* TASK BRIEF: Restate word for word the lines of the records below, starting at the line that contains "ANO NOVO VW" and ending at the line that contains "Rubens masterpiece going", with both of those lines included and nothing else.

* DATASET CONTENT:
______

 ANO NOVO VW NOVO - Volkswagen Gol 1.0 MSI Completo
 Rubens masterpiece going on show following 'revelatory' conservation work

______

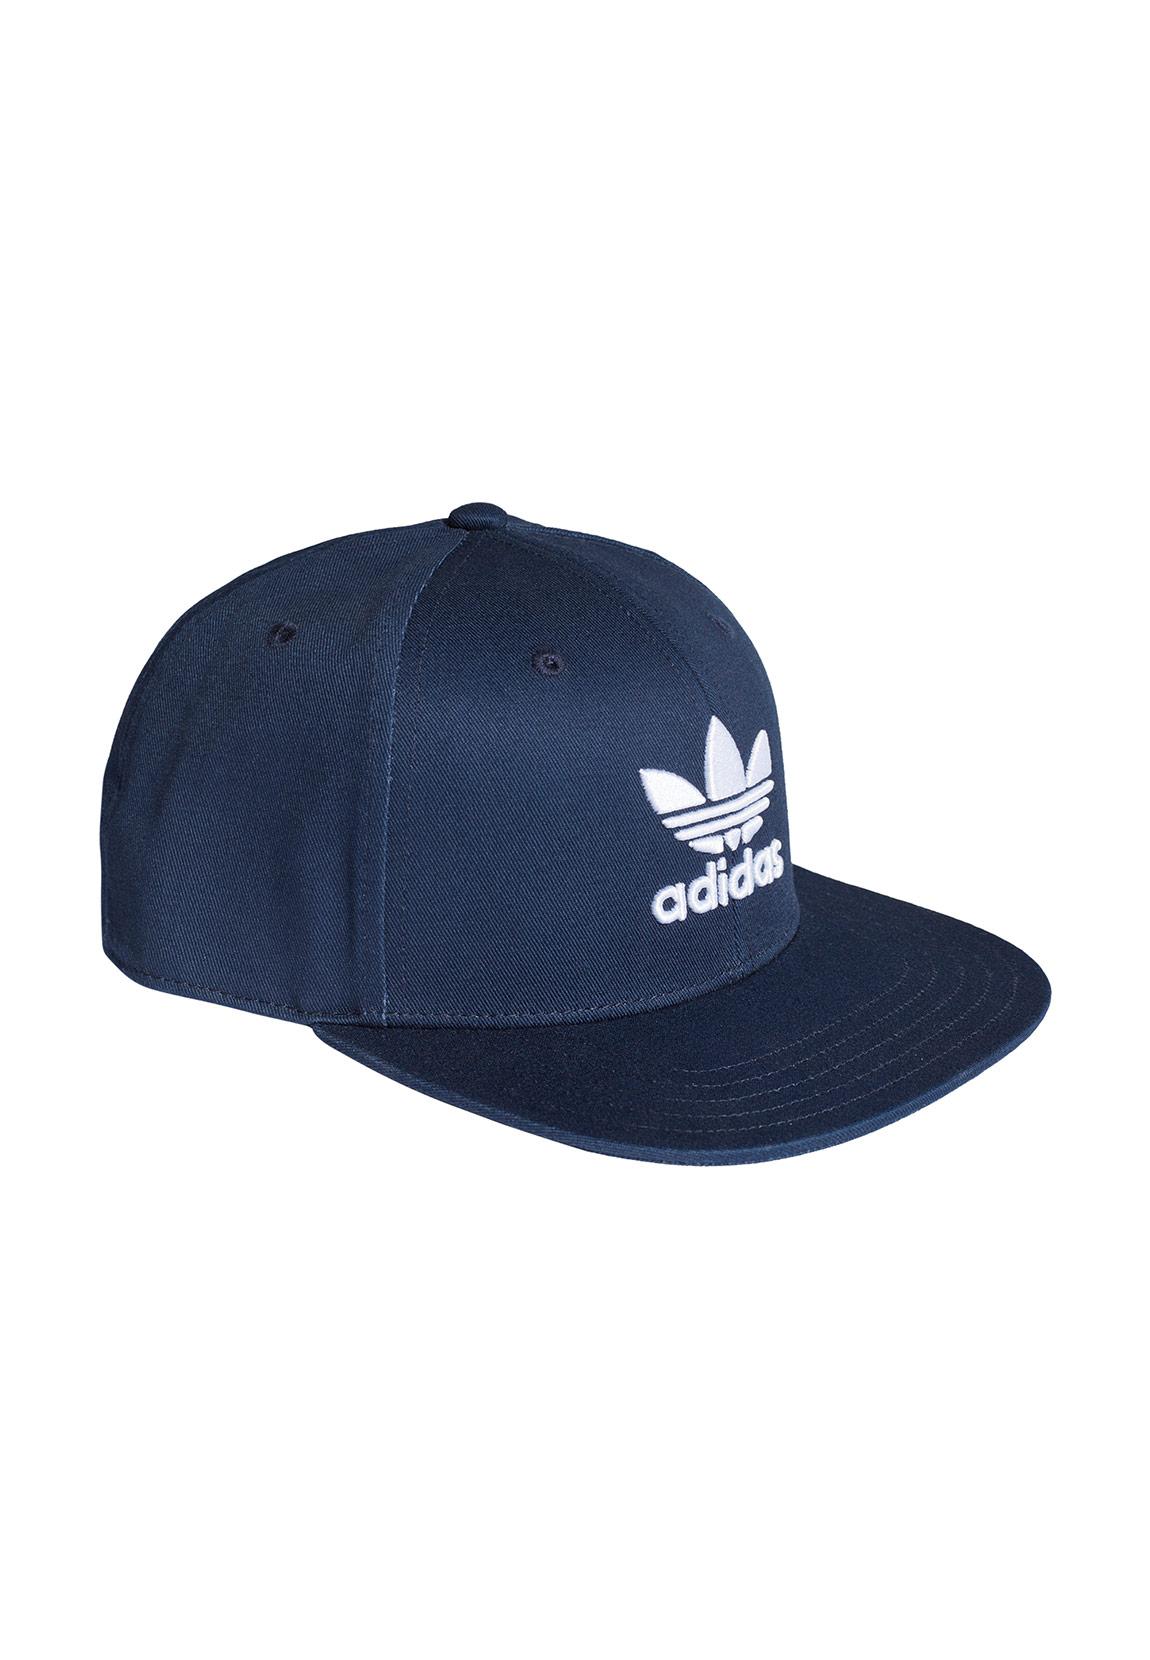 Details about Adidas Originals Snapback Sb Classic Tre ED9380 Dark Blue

______

* COMPLETED TASK:
 ANO NOVO VW NOVO - Volkswagen Gol 1.0 MSI Completo
 Rubens masterpiece going on show following 'revelatory' conservation work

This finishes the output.